2. Beaufort, un exemple concret de valorisation locale du bois scolyté

Dans ce contexte, la commune de Beaufort innove en reconstruisant un chalet d'alpage sur le site de Cuvy avec du bois issu de ses propres forêts, dont de l'épicéa scolyté. Objectif : améliorer les conditions de logement des alpagistes, ces travailleurs saisonniers essentiels à l'activité pastorale d'altitude. Le bâtiment, de 100 m², accueillera deux chambres, une pièce de vie, des sanitaires, un cellier et un local de stockage. Ce projet illustre une volonté forte : faire de la crise une ressource, en valorisant un matériau souvent délaissé.

3. Le bois scolyté : un matériau fiable et durable

Longtemps considéré comme inutilisable, le bois scolyté revient aujourd'hui sur le devant de la scène. Abattu à temps, il conserve toutes ses propriétés mécaniques. Seule une légère teinte bleutée - due à un champignon véhiculé par l'insecte - le distingue visuellement. Or cette coloration n'altère en rien sa solidité. Résultat : ce bois devient une alternative crédible et écologique pour la construction. À Beaufort, son utilisation montre qu'un bois marqué peut aussi rimer avec qualité, fiabilité et durabilité.
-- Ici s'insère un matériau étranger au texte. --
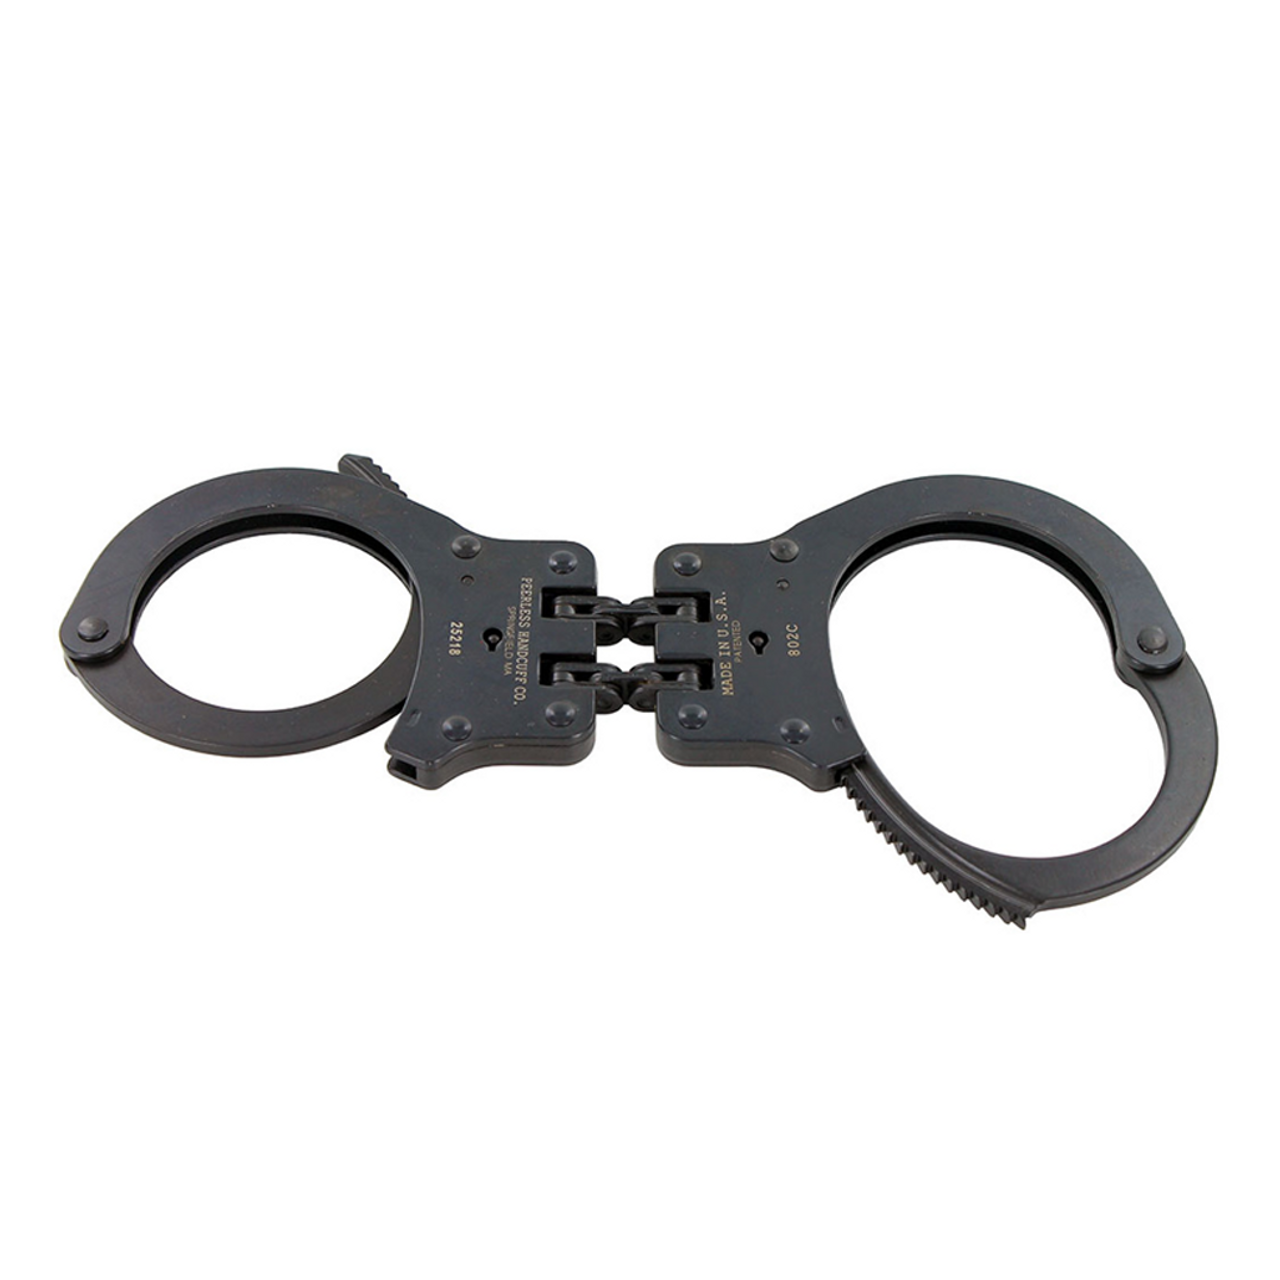 Handcuff carrier for Peerless and S&W – McKinaTec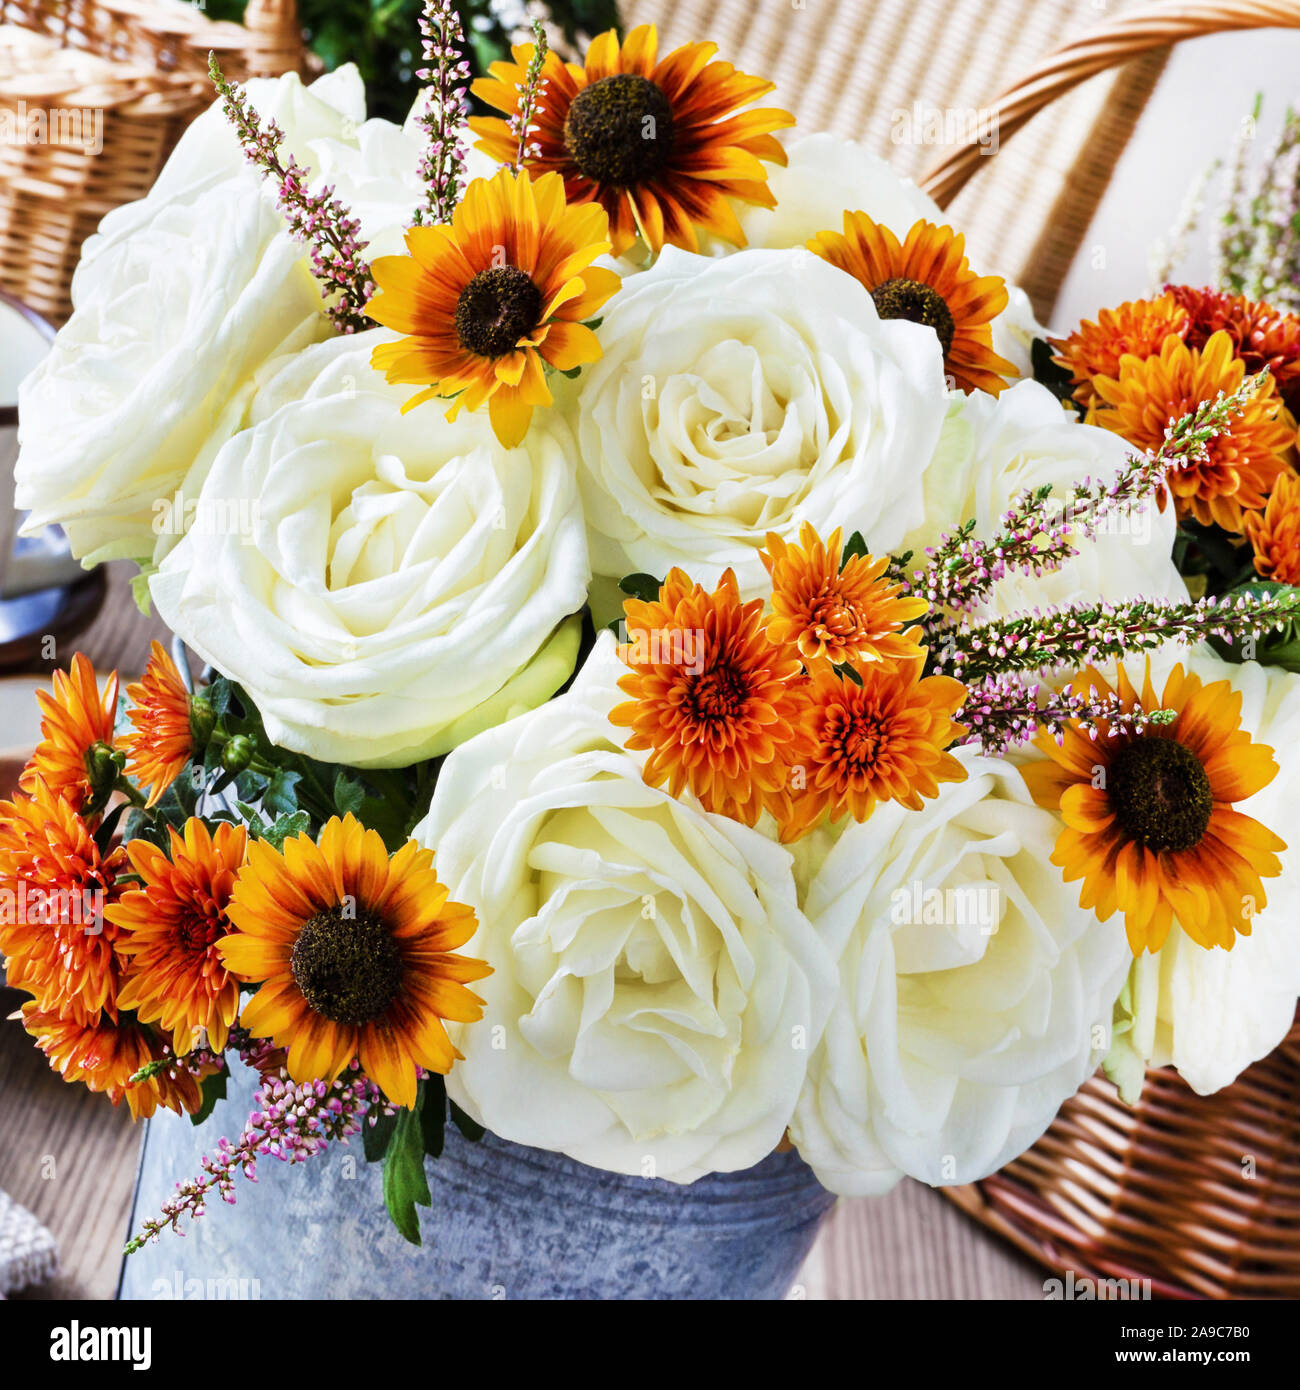 Autmn decorations and white roses bouquet in basket Stock Photo

4. Un soutien institutionnel fort à l'échelle départementale

Ce chantier, d'un coût total de 253 000 euros, bénéficie d'une subvention de l'État de 100 000 euros. Il s'inscrit dans un plan plus large de soutien à la filière bois, fragilisée par la prolifération des scolytes. Aux côtés du Conseil départemental de la Savoie, l'État mène une politique active de gestion durable, via des financements, de l'accompagnement technique et une stratégie coordonnée. La cellule de crise Scolytes, créée en mai 2024, illustre cette volonté : rassembler les forces - publiques, privées et professionnelles - pour faire front ensemble.

5. Une filière forêt-bois à repenser, mais riche d'atouts

La Savoie compte 217 000 hectares de forêts, soit un tiers de son territoire. La filière forêt-bois y est dynamique : 900 entreprises, 3 500 emplois, et près de 30 % de la surface forestière occupée par des épicéas. Chaque année, 240 000 m³ de bois sont récoltés, dont 48 000 m³ de bois énergie. Mais face à la crise, il faut adapter les pratiques. C'est tout le sens des actions menées par le Pôle Excellence Bois et l'Association des Communes Forestières, qui forment et accompagnent les professionnels, diffusent de l'information technique et promeuvent une gestion responsable certifiée PEFC.